Is there an algorithm published for doing this? Or perhaps a utility function in Windows or a library I might be able to call or copy?

如果你对这篇内容有疑问,欢迎到本站社区发帖提问 参与讨论,获取更多帮助,或者扫码二维码加入 Web 技术交流群。

扫码二维码加入Web技术交流群

发布评论

需要 登录 才能够评论, 你可以免费 注册 一个本站的账号。

评论(5

葬花如无物 2024-09-08 19:44:53

由于每个 glob 都可以写成正则表达式,并且可以找到两个正则表达式的交集(除非它们不是真正的正则表达式,但在这种情况下它们是正则的),因此您可以通过将它们转换为来找到两个 glob 的交集正则表达式,然后找到它们的交集。因此,您可以通过查找正则表达式的交集并检查它是否为空来确定两个 glob 是否相交。

然而,由于 glob 比正则表达式受到更多限制,因此有一种更简单的方法:

让我们将这两个 glob 称为 g1 和 g2。

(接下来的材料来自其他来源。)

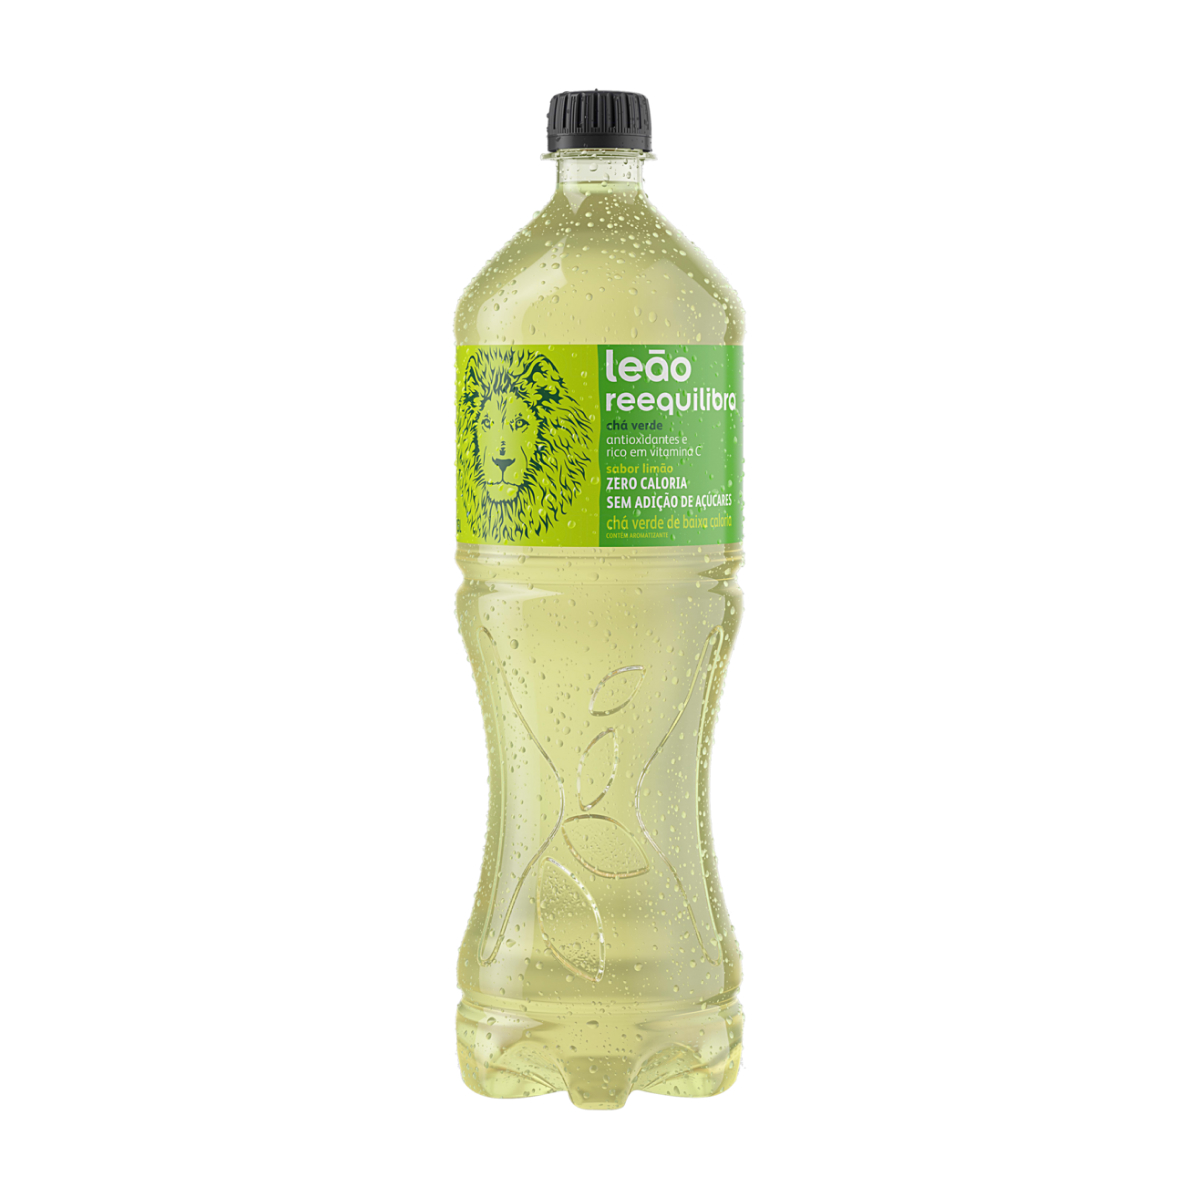 Uma garrafa de refrigerante de Chás Leão em um fundo branco

它们相交当且

  1. 仅当 g1 和 g2 均为空或仅包含通配符。
  2. g1 和 g2 都不为空,并且以下条件之一为真(令 c1 为 g1 的第一个字符,t1 为包含其余字符的字符串 - 对于带有 c2 和 t2 的 g2 来说相同):
    1. c1 和 c2 相等且 t1 和 t2 相交
    2. c1 和/或 c2 是通配符,t1 与 g2 相交
    3. c1 和/或 c2 是通配符,g1 与 t2 相交

Haskell 中的示例实现:

intersect g1          []          = all (== '*') g1
intersect []          g2          = all (== '*') g2
intersect g1@('*':t1) g2@(c2:t2)  = intersect g1 t2 || intersect t1 g2
intersect g1@(c1:t1)  g2@('*':t2) = intersect t1 g2 || intersect g1 t2
intersect    (c1:t1)     (c2:t2)  = c1 == c2        && intersect t1 t2

该算法不是如果 glob 包含大量通配符,则效率不会特别高,但它很容易实现,并且由于您可能计划将其与文件名一起使用,因此我怀疑您的 glob 长度将超过 1000 个字符。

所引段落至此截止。